Konsekuensi Pencatutan Data Dukungan Pilkada Jakarta, Kepercayaan Publik Runtuh
Polemik pencatutan data dukungan untuk Pilgub Jakarta 2024 bisa meruntuhkan kredibilitas dan kepercayaan publik.
Oleh
FRANSISKUS WISNU WARDHANA DANY
·4 menit baca
JAKARTA, KOMPAS - Pencatutan identitas kependudukan secara sepihak untuk mendukung bakal calon gubernur dan wakil gubernur jalur perseorangan dalam Pemilihan Gubernur Jakarta 2024 merupakan tindak pidana. Jika tidak direspons dengan cepat dan terbuka, kejadian ini bakal meruntuhkan kredibilitas dan kepercayaan publik terhadap proses pemilihan gubernur.

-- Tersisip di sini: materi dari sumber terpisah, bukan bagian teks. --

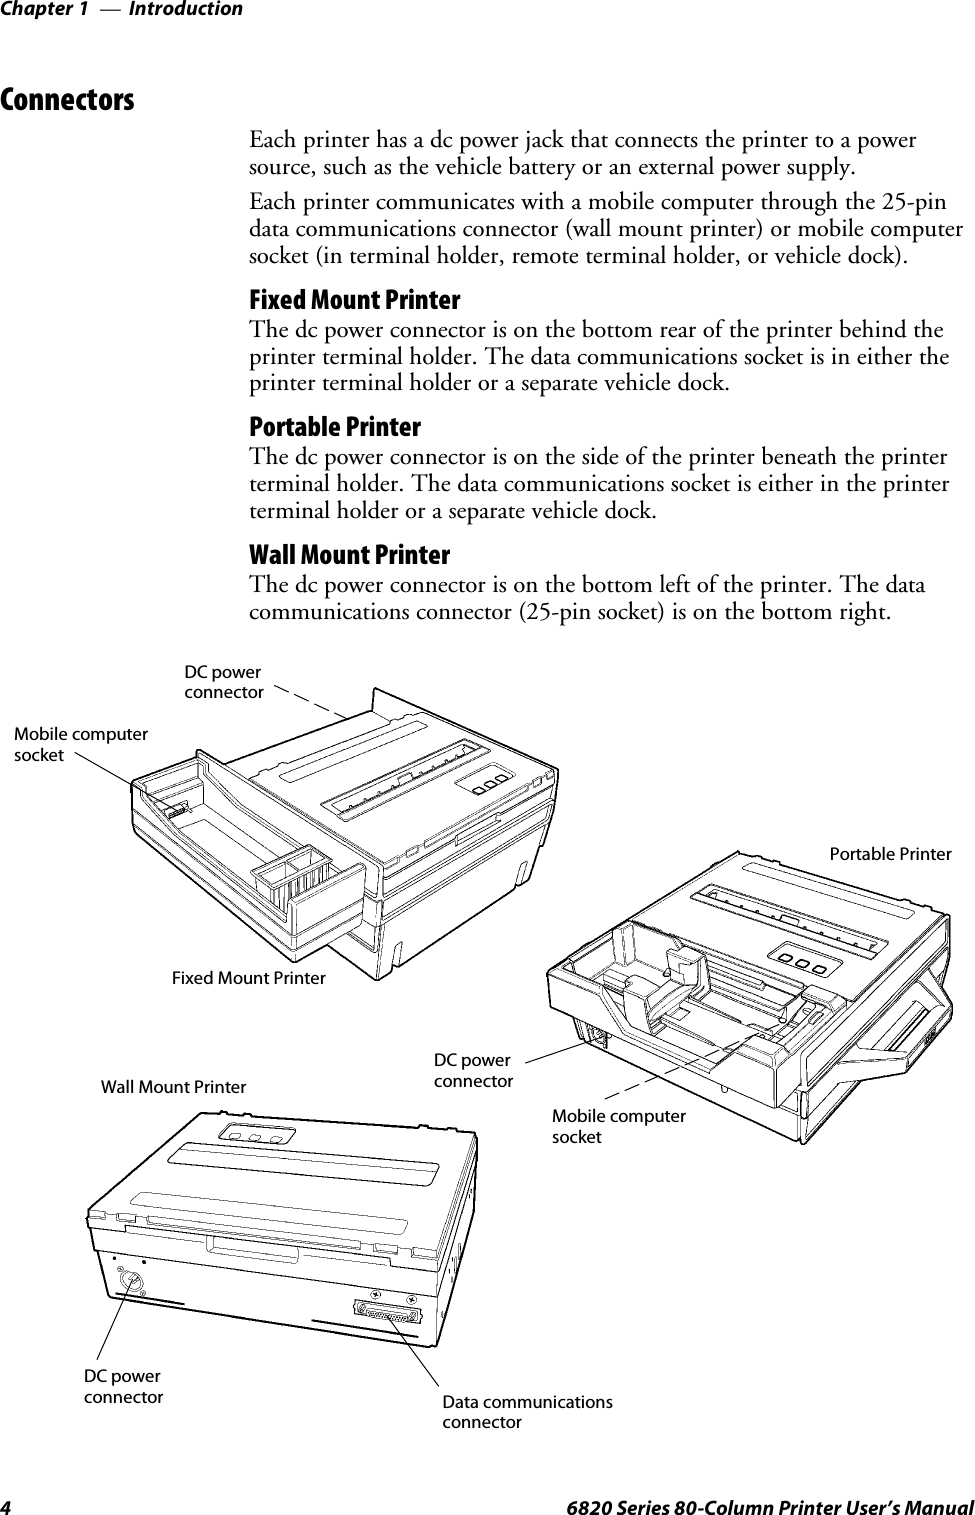 IntroductionChapter —14 6820 Series 80-Column Printer User’s ManualConnectorsEach printer has a dc power jack that connects the printer to a powersource, such as the vehicle battery or an external power supply.Each printer communicates with a mobile computer through the 25-pindata communications connector (wall mount printer) or mobile computersocket (in terminal holder, remote terminal holder, or vehicle dock).Fixed Mount PrinterThe dc power connector is on the bottom rear of the printer behind theprinter terminal holder. The data communications socket is in either theprinterterminalholderoraseparatevehicledock.Portable PrinterThe dc power connector is on the side of the printer beneath the printerterminal holder. The data communications socket is either in the printerterminal holder or a separate vehicle dock.Wall Mount PrinterThe dc power connector is on the bottom left of the printer. The datacommunications connector (25-pin socket) is on the bottom right.Data communicationsconnectorDC powerconnectorWall Mount PrinterDC powerconnectorDC powerconnectorPortable PrinterMobile computersocketMobile computersocketFixed Mount Printer

Banyak warga Jakarta melaporkan pencatutan identitas kependudukannya secara sepihak untuk mendukung pasangan Dharma Pongrekun-Kun Wardana. Laporan ini jadi perbincangan panas setelah keduanya dinyatakan memenuhi syarat sebagai bakal calon gubernur dan wakil gubernur jalur perseorangan pada pemilihan gubernur (pilgub).
Sampai Sabtu (17/8/2024) siang, sebanyak 235 warga telah melaporkan pencatutan tersebut kepada posko aduan Perhimpunan Bantuan Hukum dan Hak Asasi Manusia (PBHI). Jumlah ini merupakan pengadu yang telah didokumentasikan atau direspons oleh petugas. Di luar itu, masih banyak pengaduan yang masuk dan sedang dalam proses.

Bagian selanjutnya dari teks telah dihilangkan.